Today, the Fifth Circuit decided Bowlby v. City of Aberdeen.  In this case, Debra Bowlby sought and received a permit to operate a small sno-cone hut in the City of Aberdeen, Mississippi.  Then, a month after the City granted her the permit (and she began operating her business), the City simply revoked her permit.  Ms. Bowlby brought suit, arguing that the City’s revocation of her permit deprived her of her property in violation of due process under the Fourteenth Amendment.

The City defended the lawsuit by arguing that Ms. Bowlby’s case was not ripe.  That is, the City argued that Ms. Bowlby had to ask the City to reconsider at the administrative level and go through the Mississippi state court system before she could bring her federal due process claim in federal court. If this doctrine sounds familiar, that’s because this is exactly what property owners have to do in order bring their Fifth Amendment federal takings claims in federal court.  The “Williamson County doctrine” requires that property owners must secure a “final agency decision” and seek and be denied compensation for a taking in state court before they can file suit in federal court.  In many cases, these formidable ripeness rules work to deny property owners their rightful day in court, by forcing them to spend hundreds of thousands of dollars in administrative and state court proceedings before they ever get a chance to have their Fifth Amendment “just compensation” rights heard in a court of law.

Here, the City tried to extend the Williamson County doctrine from only Fifth Amendment takings claims to Fourteenth Amendment due process claims.  According to the City, even though it formally revoked her business permits, without notice or hearing, Ms. Bowlby was not allowed to fight for her rights in federal court.  The City claimed her due process claim was barred by the same, multi-layered ripeness barriers as any takings claim. Unfortunately, the district court agreed with the City, and dismissed Ms. Bowlby’s claims as unripe.  That’s where PLF came in.
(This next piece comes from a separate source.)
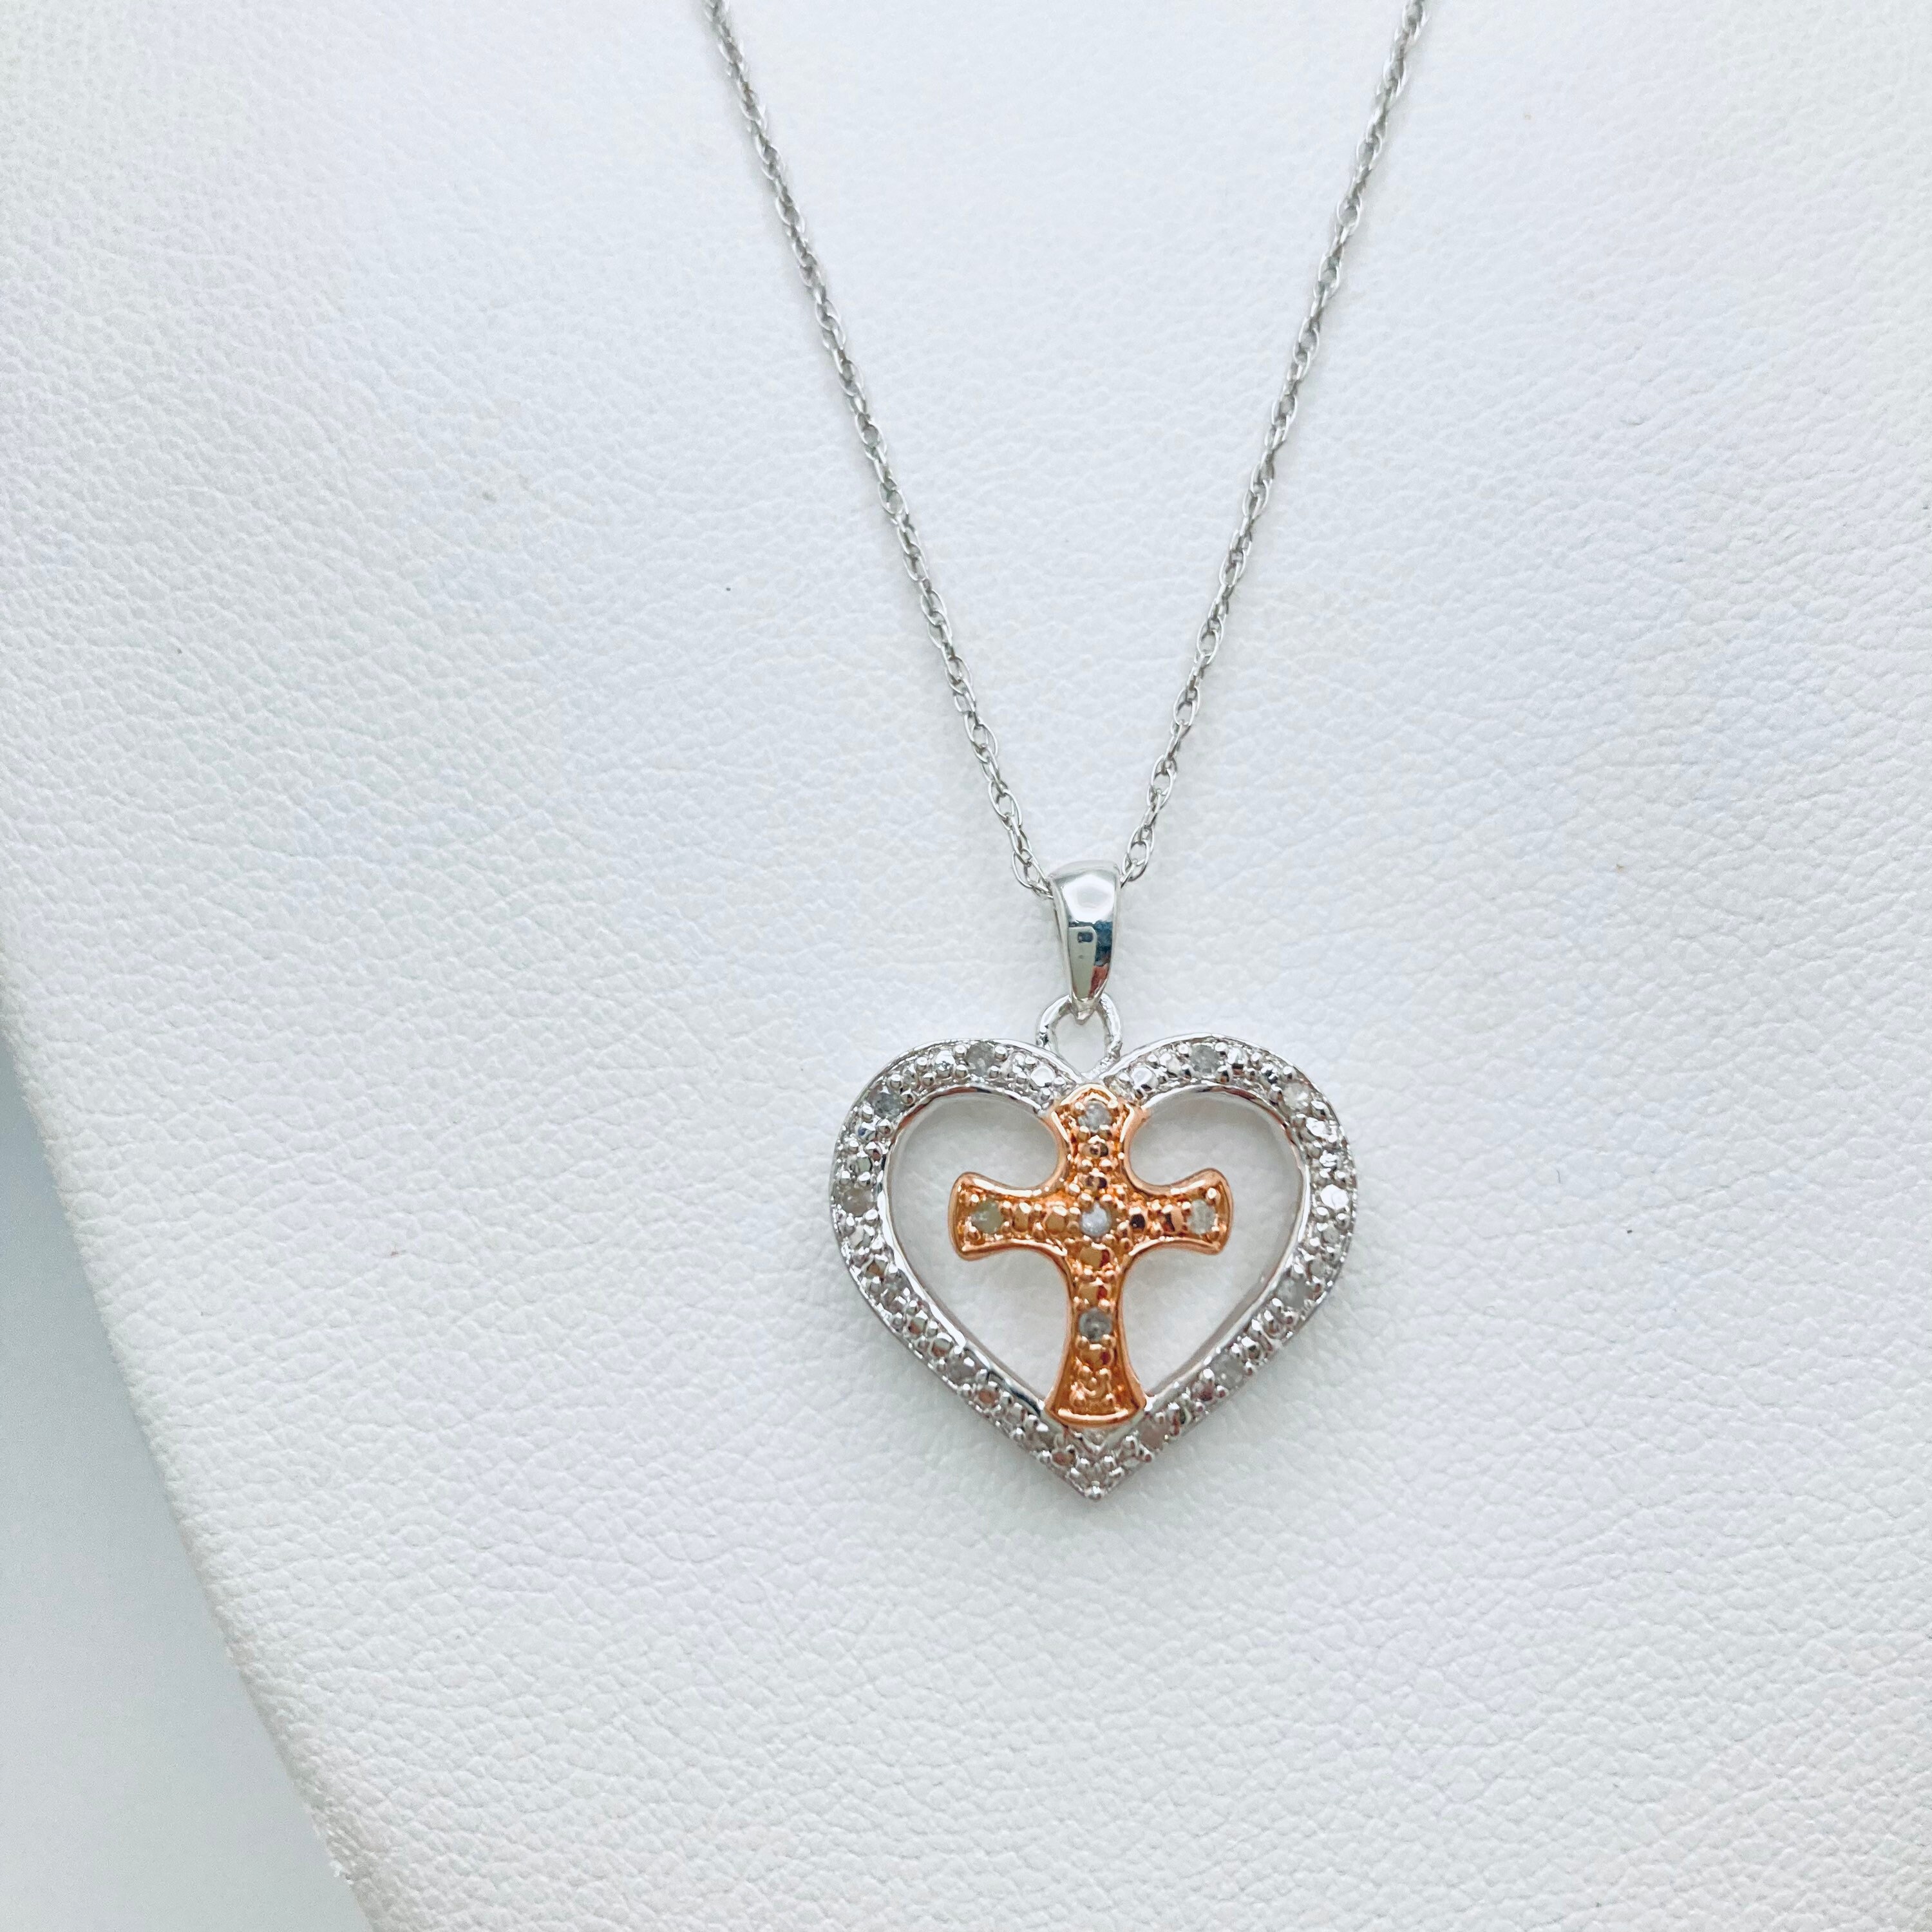 925 Sterling Silver Heart and Cross Pendant Diamond Accent | Etsy

PLF filed a brief in the Fifth Circuit arguing that there is not, and should not, be any requirement that due process plaintiffs must pursue after the fact remedies — at the city or state court level — before they can challenge a taking of their property without proper notice and hearing.  The injury, and thus, they right to sue, exist at the moment the deprivation occurs without due process — not at some later time.   Today, the Court agreed with PLF – and explicitly recognized PLF’s work in this area:  Here is what the Court said:

[Bowlby's] appeal is supported by an amicus curiae brief submitted by the Pacific Legal Foundation (“Foundation”), a charitable organization dedicated to preserving the individual right to make reasonable use of private property. The Foundation argues that the district judge incorrectly applied a ripeness requirement to Bowlby’s procedural due process claim, because that claim was actionable as soon as a predeprivation hearing was denied.

The Court goes on:

We agree with the Foundation that the Williamson County final-decision requirement makes more sense when the taking alleged is a regulatory taking.
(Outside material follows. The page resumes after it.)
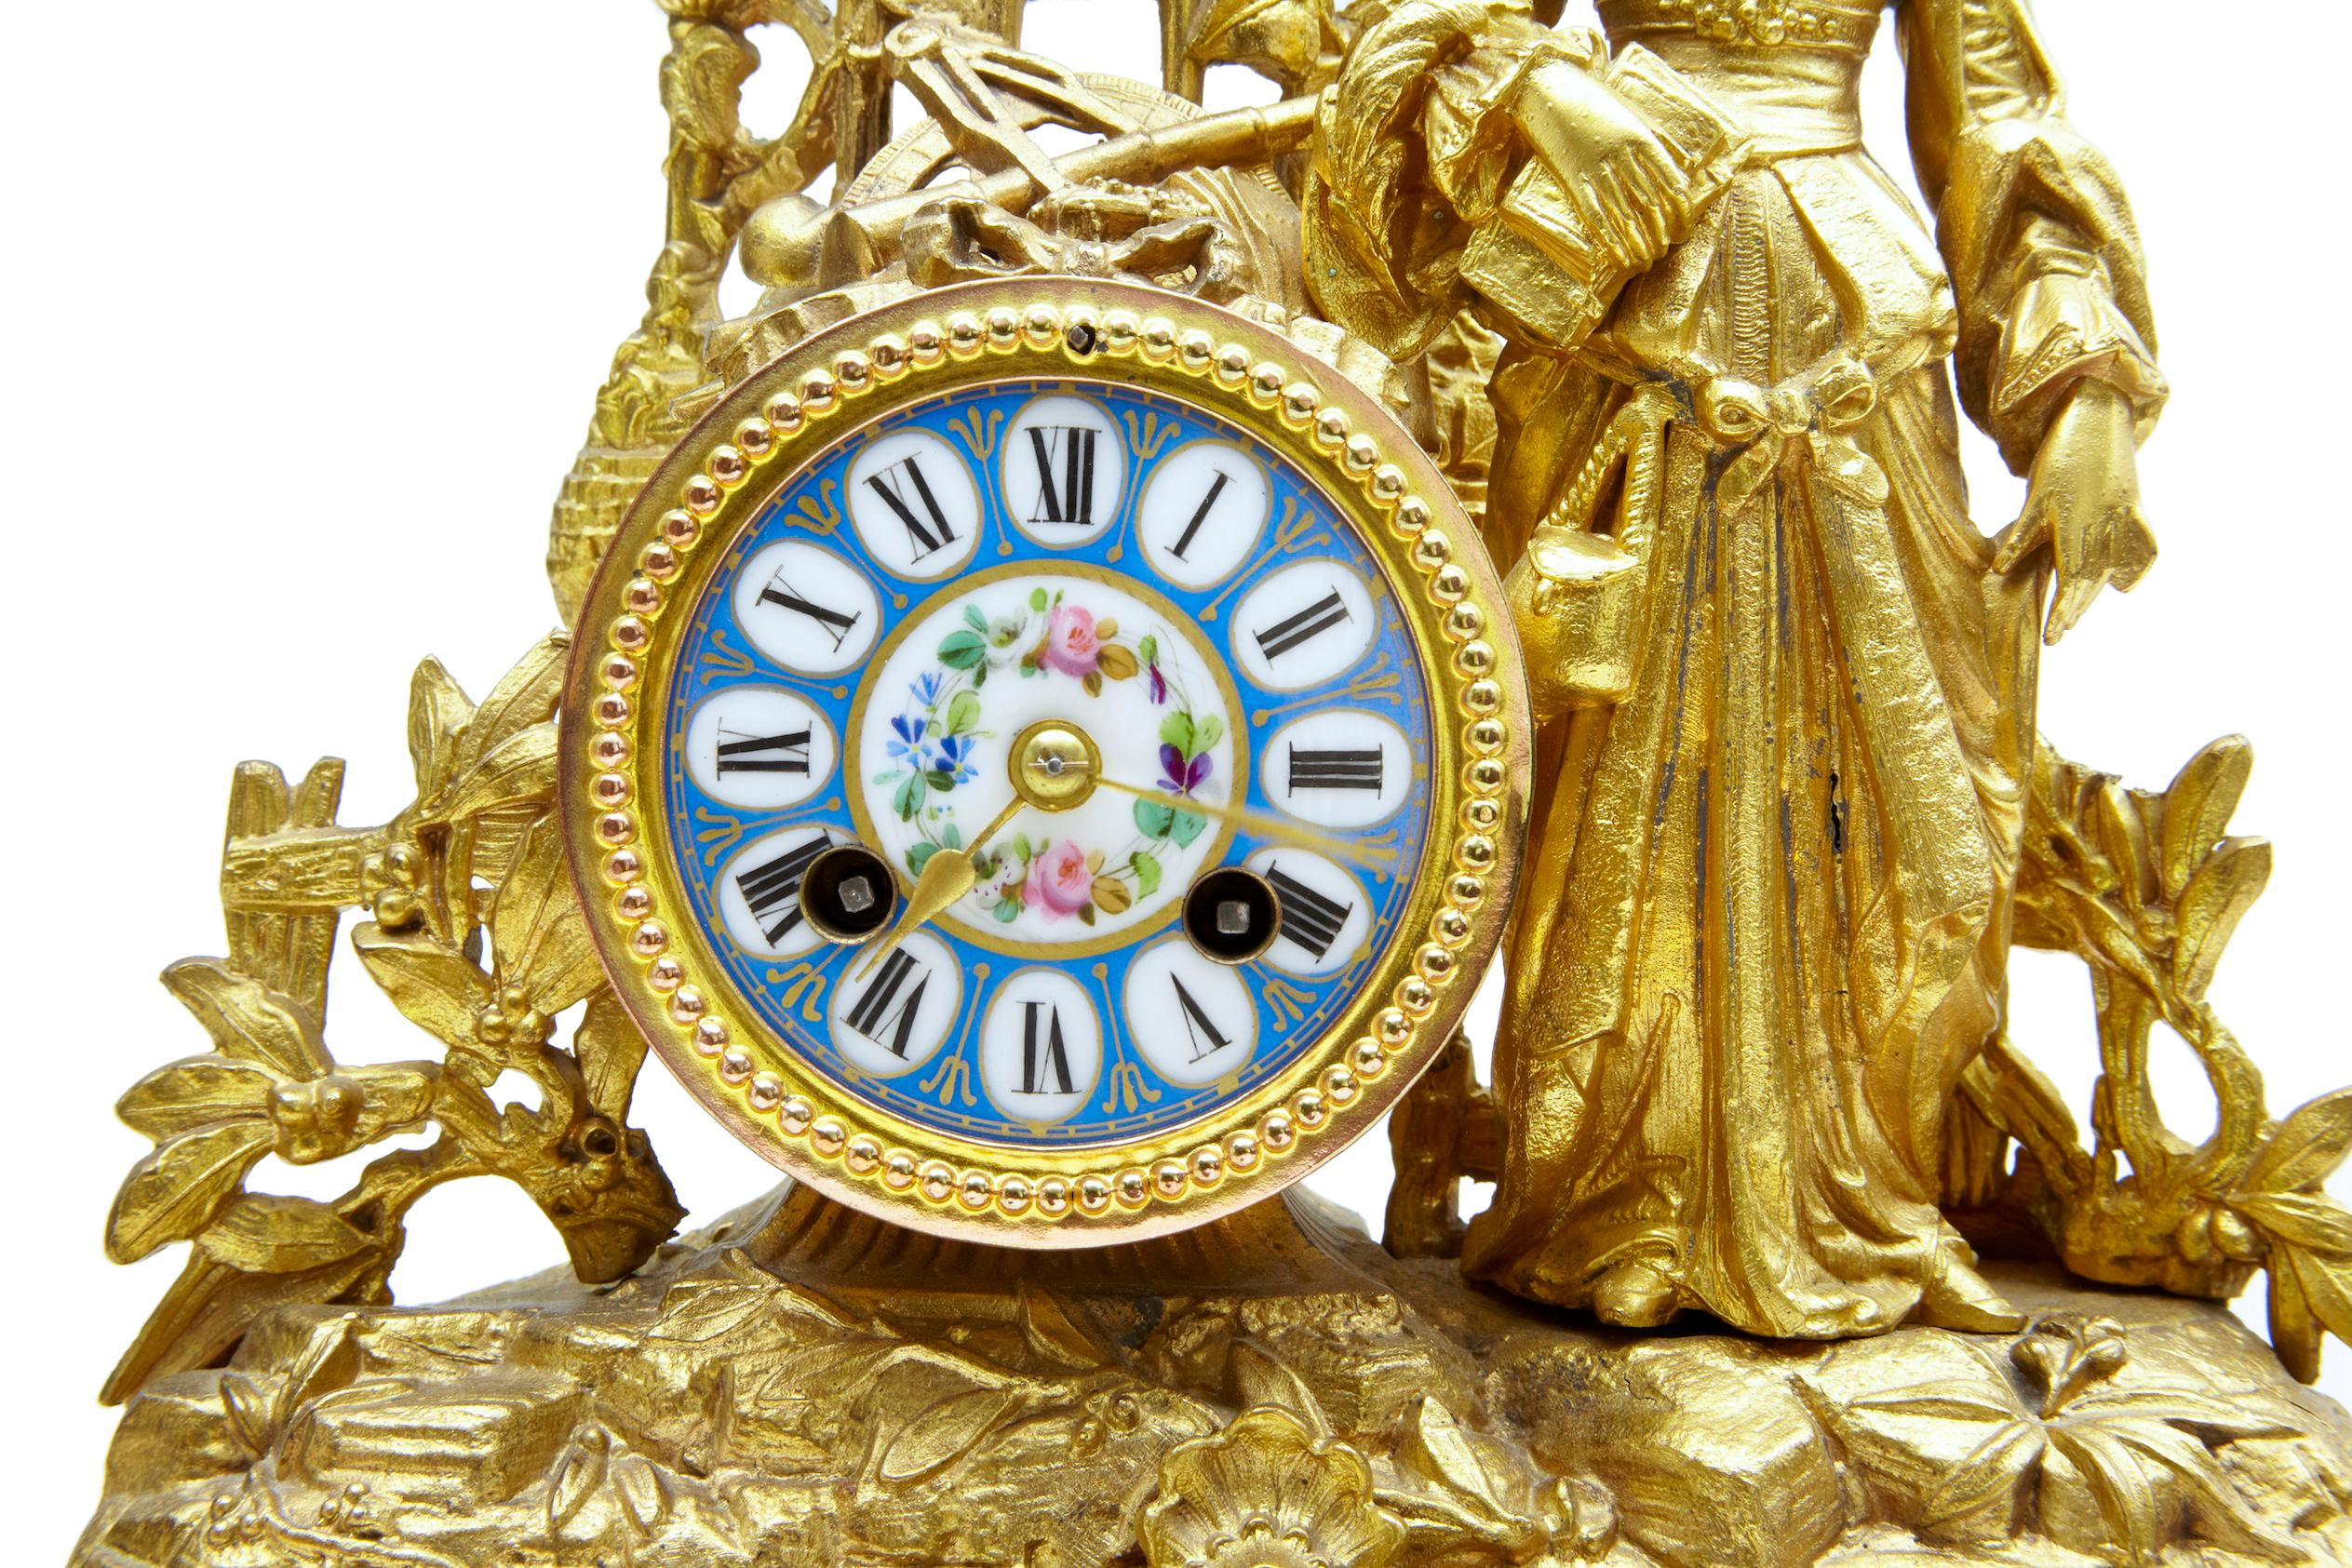 19th Century French Gilt Mantel Clock with Sèvres Plaques 1

The Court further agreed with PLF that procedural due process claims, like Bowlby’s, cannot be treated like an unripe takings law, but are analyzed on their own merits, under law that does not require either exhaustion of administrative or state court remedies.  A property owner can sue in federal court the moment they are deprived of property.

This is an important victory for individual rights in America.  The Williamson County doctrine has been denying property owners their rightful day in court for years now. Fortunately, the Fifth Circuit has declined to extend this horrible doctrine any further, and we are grateful that it looked to our brief for its decision.  PLF will continue to fight the injustice that is the Williamson County doctrine in courts throughout the country.  Today, we get to celebrate a little.